At first glance there are 100 addition facts that students need to learn.
That’s a lot of things to memorize so we need to break these 100 facts into smaller chunks. We can immediately cut this in half by recognizing the commutative property. For example, 4 + 8 and 8 + 4 are really the SAME addition fact.
Now I provide explicit instruction to clearly and directly teach the four most important strategies. Here is the order I usually teach them and practice them…
- Count on by 1 or 2
- Partners to 10
- Make a ten
- Doubles and Doubles +1
As students are learning one of the addition strategies, I will give each student a four or five blank 3×5 cards for them to create flashcards for the facts they are having the most difficulty recalling.
How to make the cards:
- Front of card: write the addition problem (not the answer!)
- Back of card: write the answer AND show the strategy used.

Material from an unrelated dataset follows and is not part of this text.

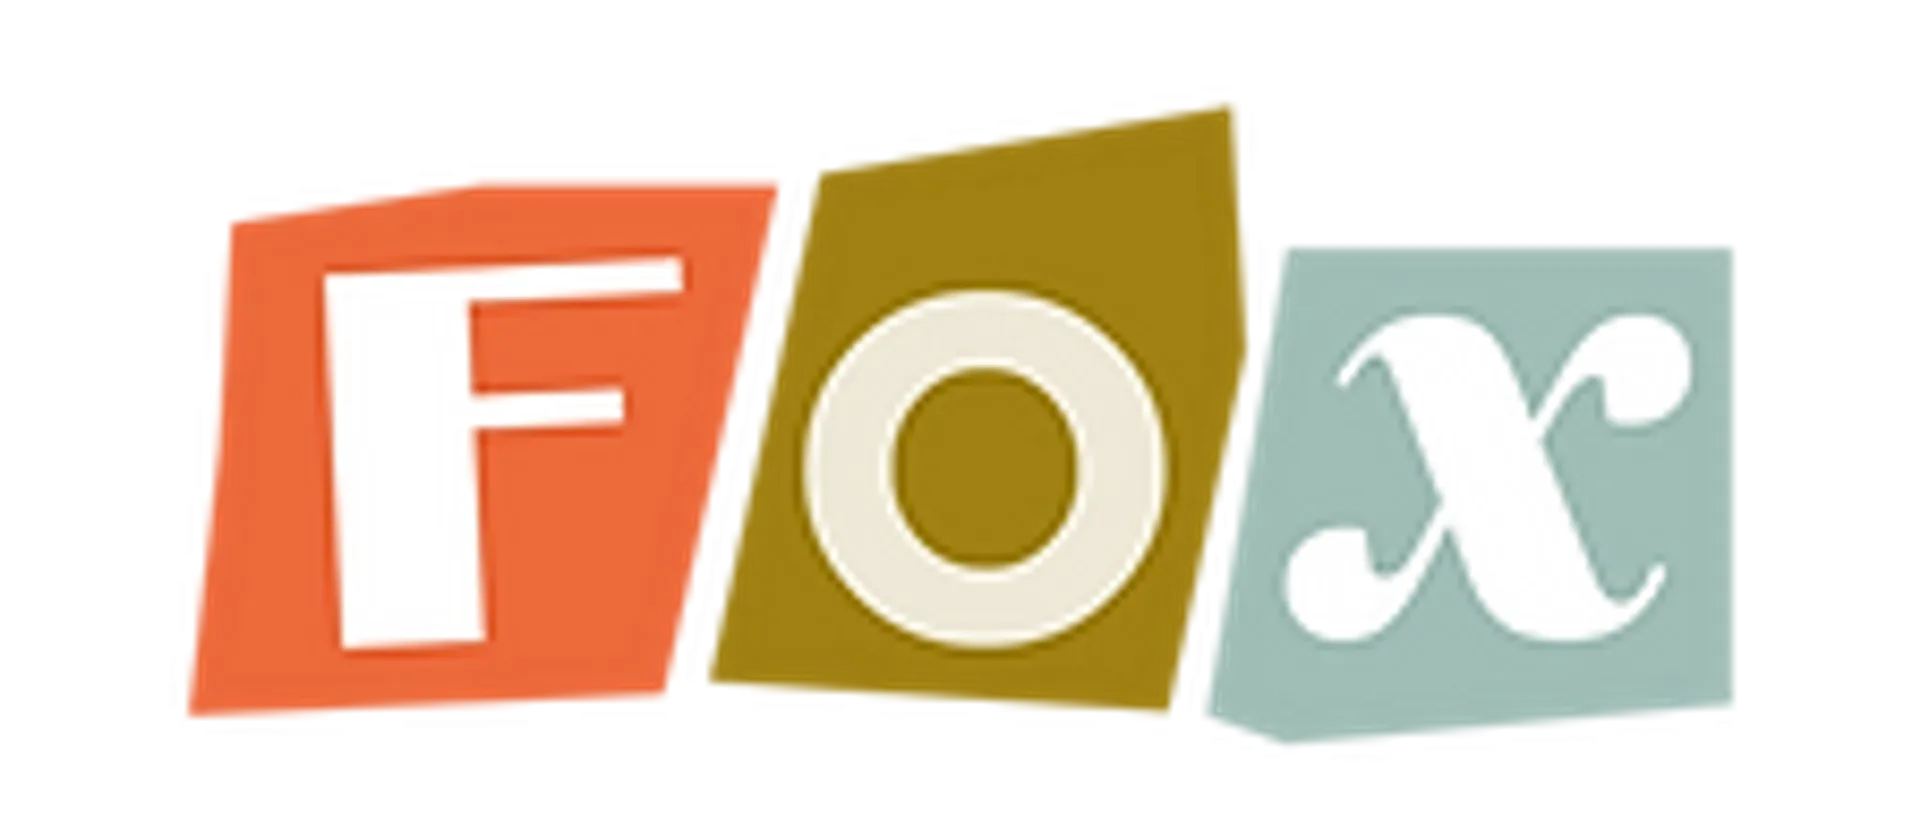 FOX + logo in de folder van deze week

Some students prefer visuals such as…
Towards the end of the process, each student will have their own unique set of flashcards with the answer and strategy on the back. Students should have at least a few cards from each of the four categories. However, you will want to emphasize cards for the Make a Ten strategy.
Later, while students are using their flashcards they can sort their cards based on the strategy they use to remember the fact.
Throughout the rest of the school year, I will occasionally ask students to take out their flashcards for retrieval practice, which involves the act of them trying to recall the answer from memory. Spaced practice involves distributing the flashcard practice over time. Retrieval and spaced practice have been studied a lot and have been shown to be highly effective in getting students to memorize their addition facts.
One additional thing I do to ensure my students become fluent with their addition facts is I allocate a tremendous amount of time for students to compare the different representations (ten frame, number line, number bond, etc.) and strategies (doubles, near doubles, make a ten, etc.) they prefer to use. This often comes in the form of a number talk or a problem string. In addition to sharing the answer, students are also invited to share how they see the problem in their mind. Were the numbers represented in a ten frame? Or a number line? Were the numbers doubling? Or were they breaking apart and reassembling as a ten plus some extras?
I hope this provides you a bit of a game plan for supporting your students’ addition fluency.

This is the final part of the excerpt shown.